Supplied material ▸
___

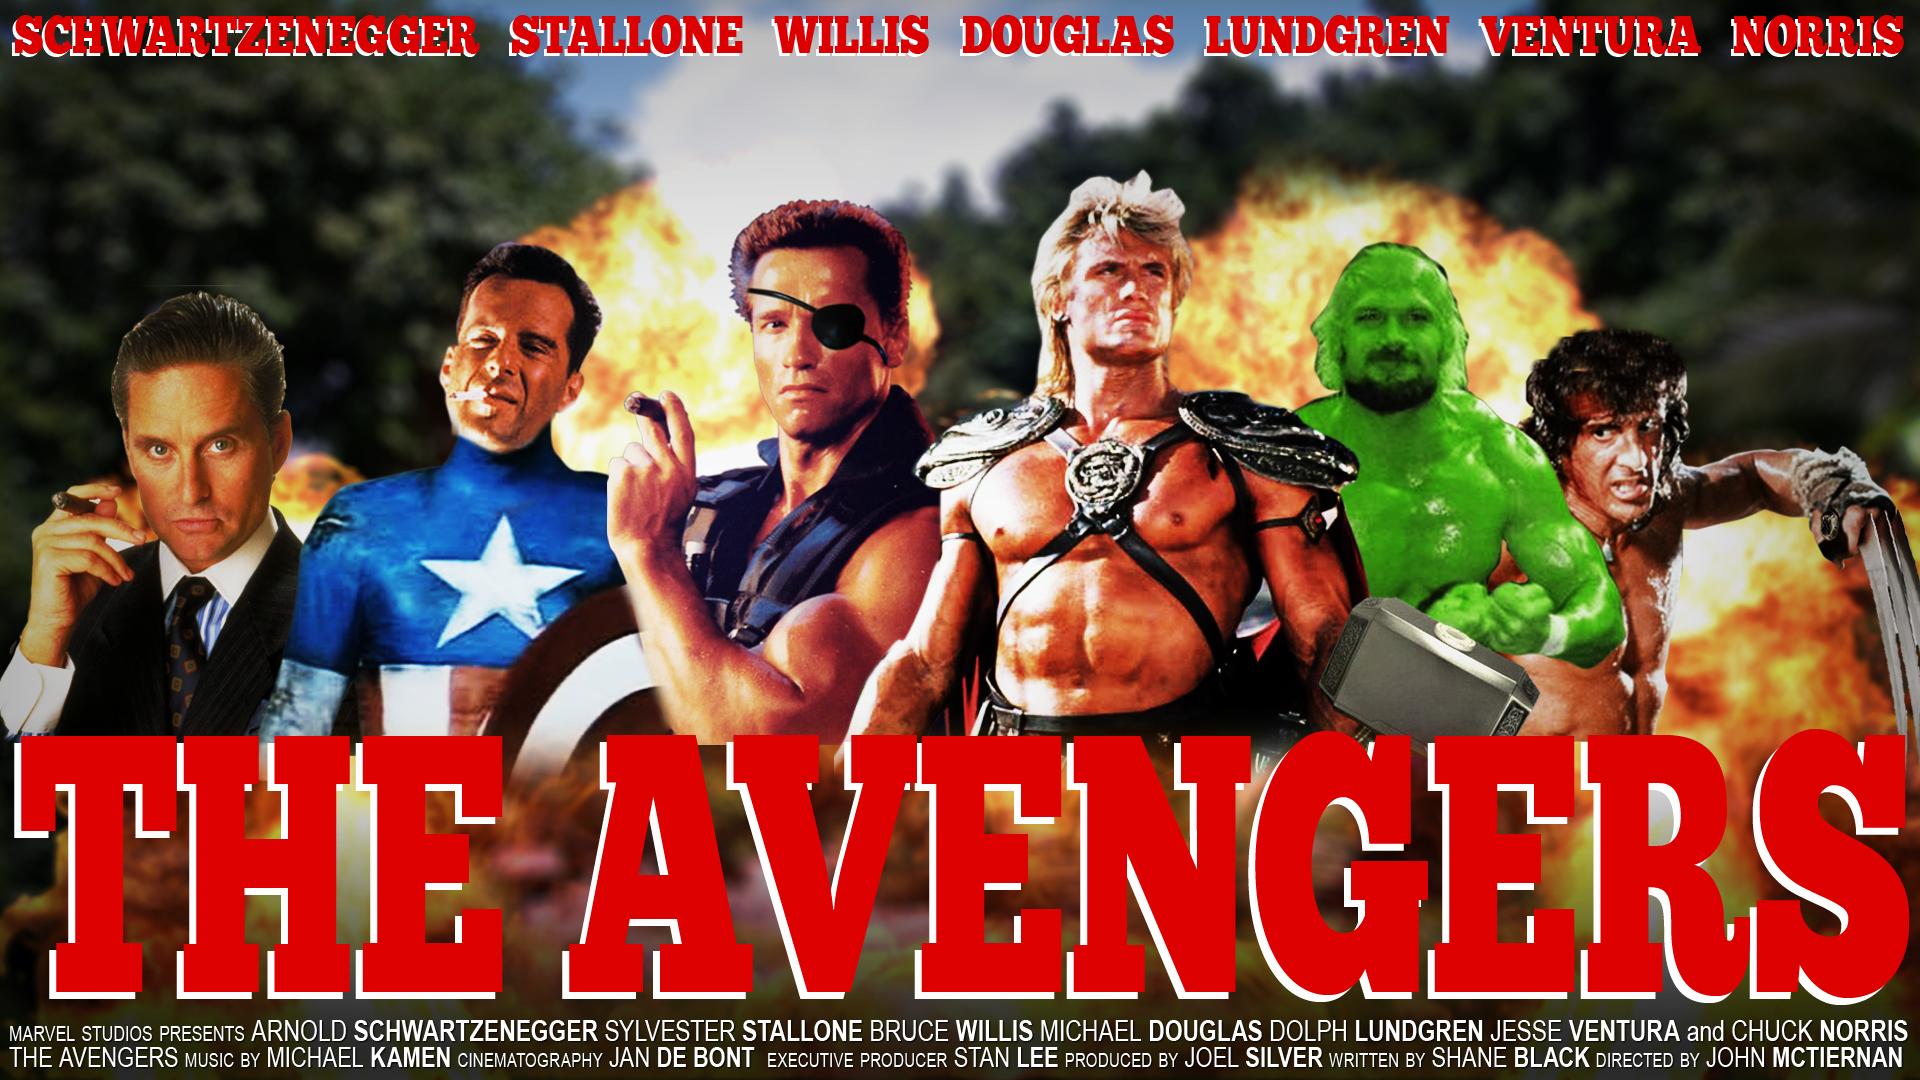 Avengers Background wallpaper   578630 1920x1080
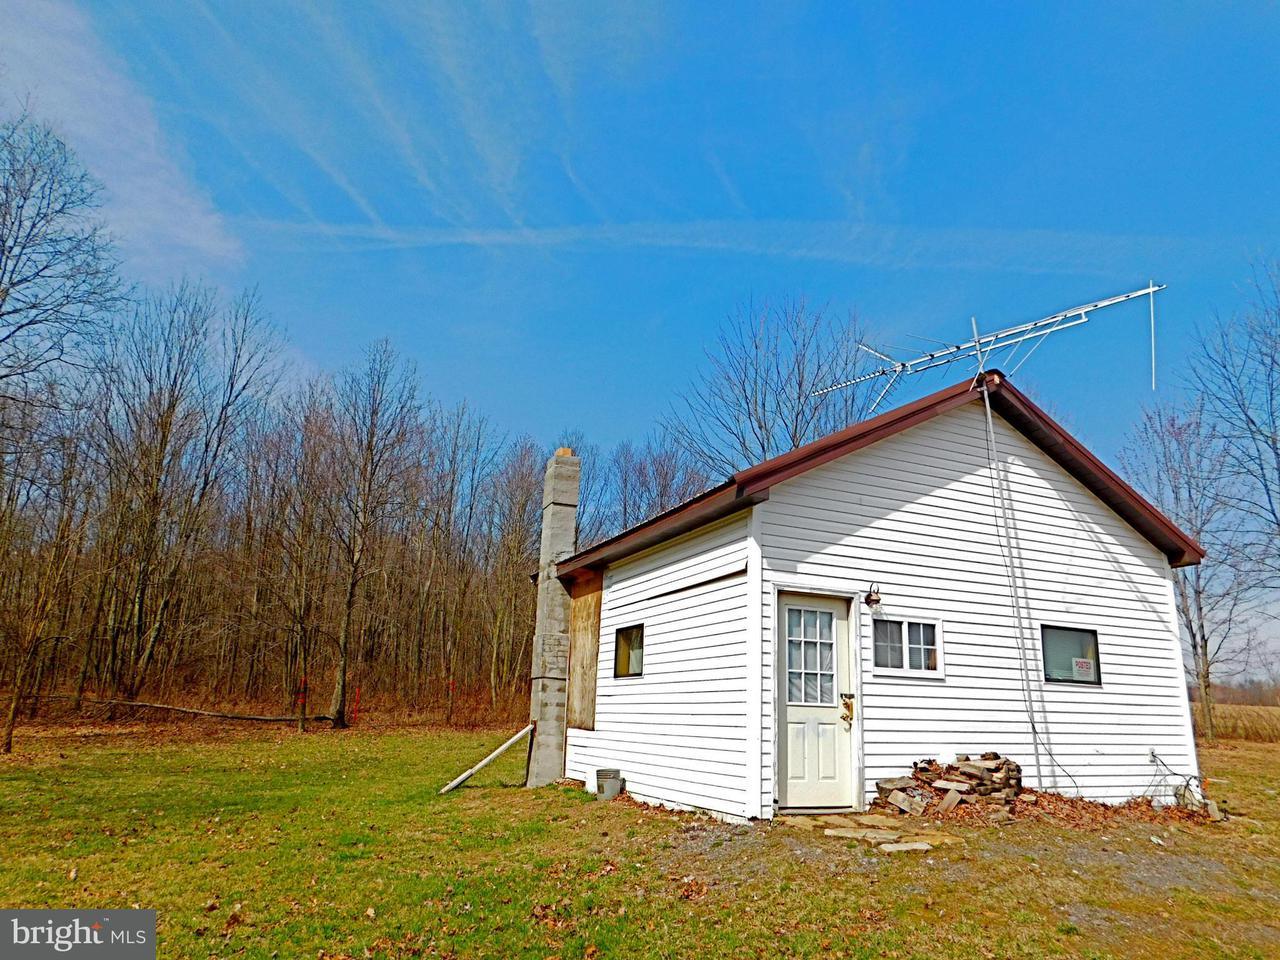 Land for Sale at Off Rt 1 Elk Garden, West Virginia 26717 United States
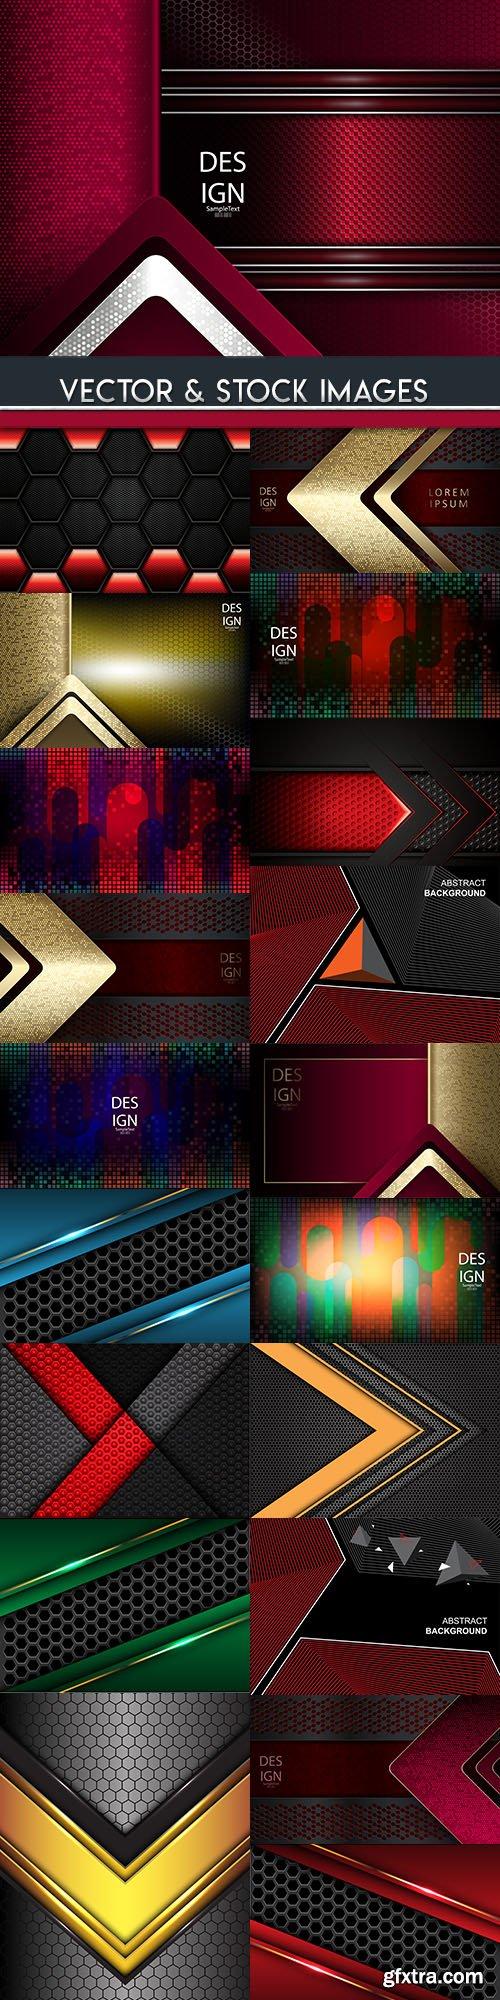 Elegant metallic and geometrical black background

___

Directions for this task ▸ Reprint the listing above exactly, without images.

Completed exercise ▸
 Avengers Background wallpaper   578630 1920x1080
 Land for Sale at Off Rt 1 Elk Garden, West Virginia 26717 United States
 Elegant metallic and geometrical black background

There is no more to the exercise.